Klinik für Altersmedizin und Frührehabilitation, Marien Hospital Herne - Universitätsklinikum der Ruhr-Universität Bochum, Hölkeskampring 40, 44625, Herne, Deutschland.

出版信息

Z Gerontol Geriatr. 2018 Feb;51(2):237-245. doi: 10.1007/s00391-017-1363-7. Epub 2018 Jan 18.

Abstract

The technique of percutaneous endoscopic gastrostomy (PEG) was introduced in 1979 as a semi-invasive approach for children with the need for a gastric fistula in order to avoid an operative intervention. The suture pull-through method was rapidly established and is now omnipresent. Because scientific evidence is broadly missing, there is some uncertainty about the indications in geriatric medicine.
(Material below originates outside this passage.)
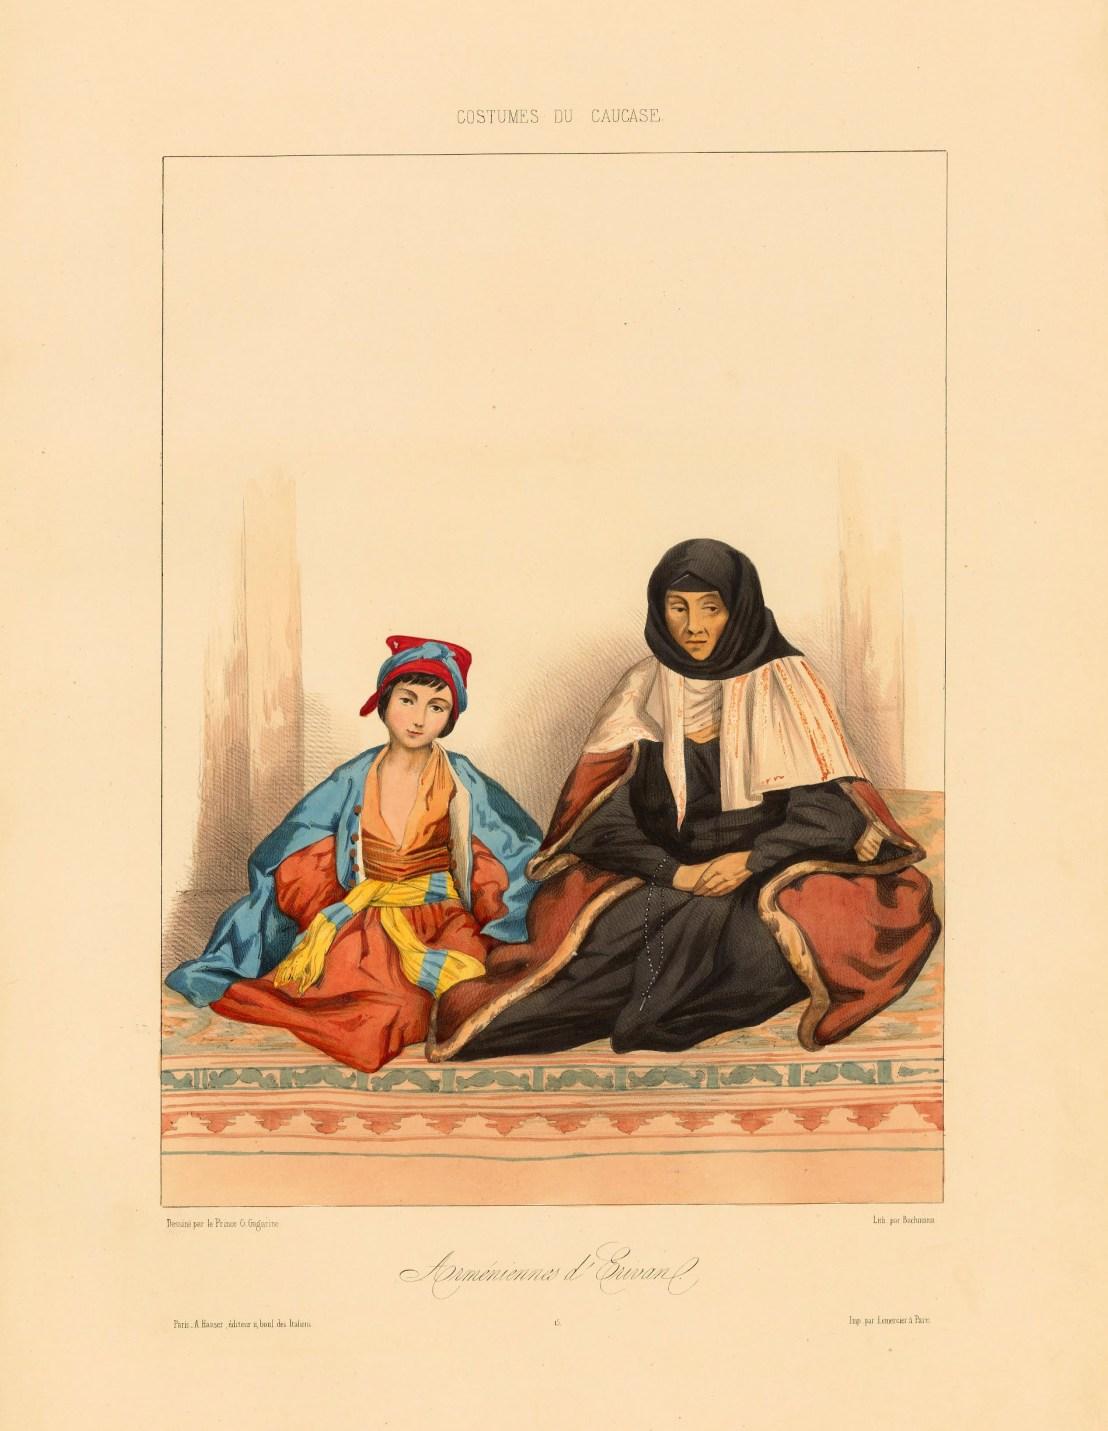 Family from Armenia in Tiflis, by Grigory Gagarin 1850-1855

Guidelines do not recommend the insertion of a PEG in patients with severe dementia and malnutrition. Tube feeding is mainly recommended as a temporary method for patients who cannot take oral nutrition for more than 3 days or for whom the energy intake for more than 10 days presumably covers less than 50% of their needs, assuming that the overall prognosis is reasonable. Insertion of a PEG is only recommended if artificial nutrition is expected to be necessary for more than 3-4 weeks or if a nasogastric tube is not tolerated.

摘要

经皮内镜下胃造口术(PEG)技术于1979年被引入,作为一种半侵入性方法,用于有胃造瘘需求的儿童,以避免手术干预。缝线牵拉法迅速确立,如今已广泛应用。由于普遍缺乏科学证据,老年医学中的适应证存在一些不确定性。指南不建议在患有严重痴呆和营养不良的患者中插入PEG。对于无法经口摄入营养超过3天或预计超过10天能量摄入不足需求50%的患者,假设总体预后合理,管饲主要作为一种临时方法推荐。仅在预计需要人工营养超过3 - 4周或鼻胃管不耐受时才建议插入PEG。